If the attacker tries to initiate authentication while you are not, you should be alerted by the fact that you will receive an SMS that you did not request. There are few practical means by which someone might surreptitiously intercept an SMS sent to your phone without you also receiving it or soon noticing something else amiss.

This is all rendered moot anyway, if you're subjected to a Man-in-the-Browser attack.

Also, since most SMS authentication implementations use the SMS authenticator as a second factor, I'd really be more concerned about how the first authentication factor was compromised. If not done via bare social engineering, it was probably through some browser or OS exploit which resulted in a keylogger on your system. Then, we're not many steps from the Man-in-the-Browser situation that effectively results in total compromise regardless of your authentication method.

Answer 8

Everybody (even Schneier?) seems to be missing a crucial piece:

If your phone is lost/stolen, you're already toast, since your SIM is in it!

It's astonishing to me that no one seems to have noticed this as far as I can tell, but SMS suffers from the fact that it doesn't require you to even be able to access the data on your phone.

Even if telecommunication was encrypted, and even if your phone is locked and encrypted, if you have SMS or call-based authentication enabled and your phone is stolen, you're completely toast until the time you manage to find a way to get your provider to deactivate your SIM (and report to law enforcement, etc.) An attacker literally needs less than 1 minute to remove your SIM card and put it in another phone to get the text message, so by the time you manage to report the issue, he'll almost certainly have had the chance to try this a dozen times and then turn off your phone or just put it back so he can't be tracked.

Your only luck here when using SMS 2FA is if the attacker doesn't know your username, or that your SIM is locked securely against use in another phone:

1. If your phone was on when it was lost or stolen, chances are it's written somewhere on your login screen or will pop up as a notification at some point.
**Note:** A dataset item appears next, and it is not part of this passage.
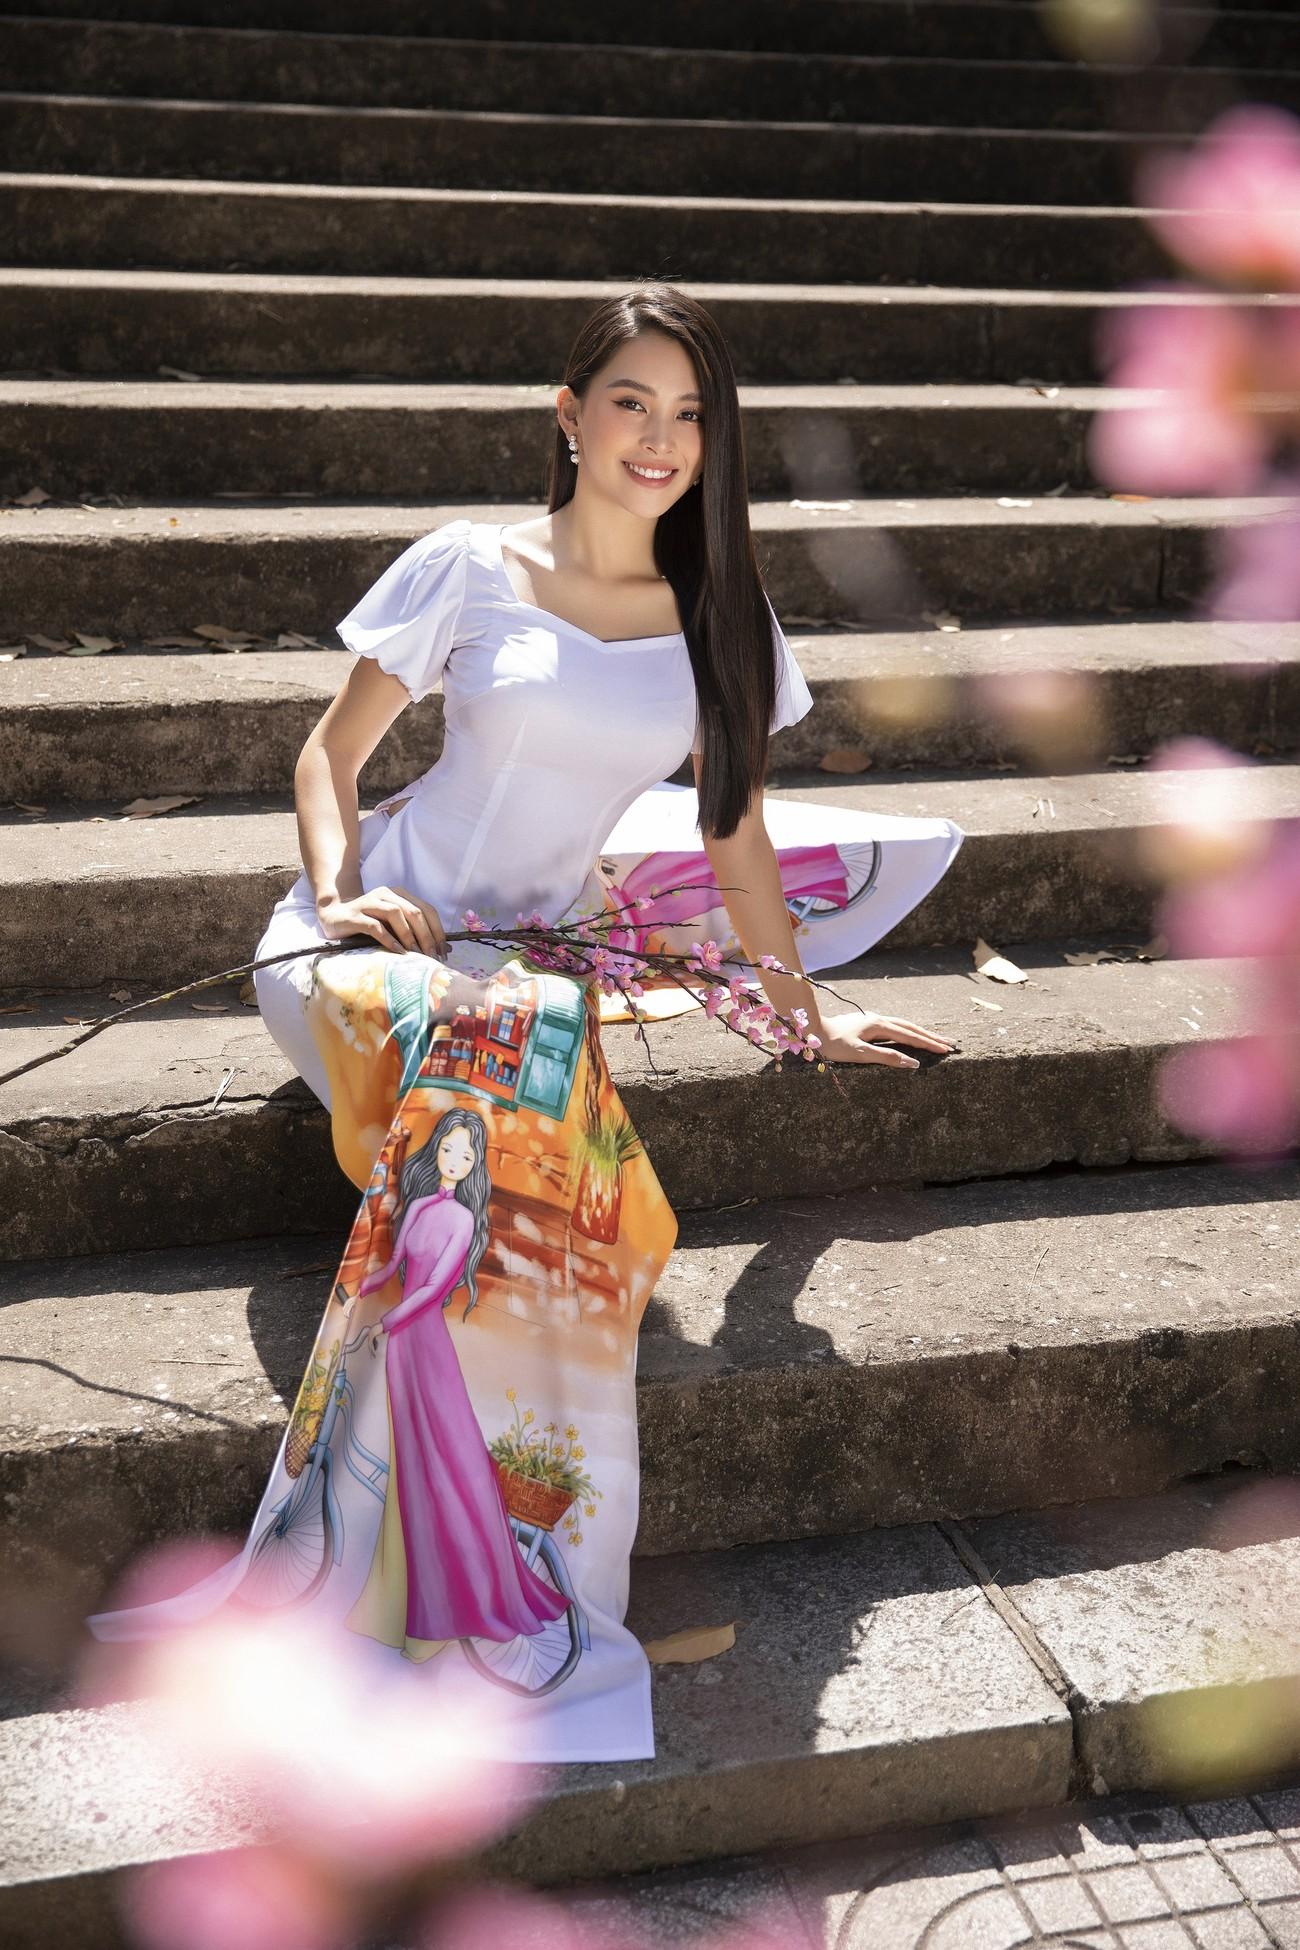 Hoa hậu Tiểu Vy khoe nhan sắc 'cực phẩm', đẹp tựa nàng thơ mùa xuân với áo dài Tết ảnh 4

2. If you just got mugged and you managed to turn off your phone, your ID or credit card probably went with your phone, in which case your username or email is probably not that hard to guess or find on Google. If your phone was on, then (1) is still a risk too.

3. If the attacker knew you somehow, then you're almost definitely toast.
   Like, say, you leave your phone on your desk while you're out to lunch, and someone comes by to swap the SIM, get the SMS, and swap it back. It'd only take a few minutes if no one is watching.

So while you can worry about someone trying to intercept your communication with a Stingray-like apparatus or by infiltrating your telephone provider's facilities, the reality is that a man-in-the-middle is not the actual risk for most people. The real risk is at the endpoint -- i.e., you. Lose your phone, and phone call- and SMS-based verification will completely turn against you no matter how strong your passwords or encryption are.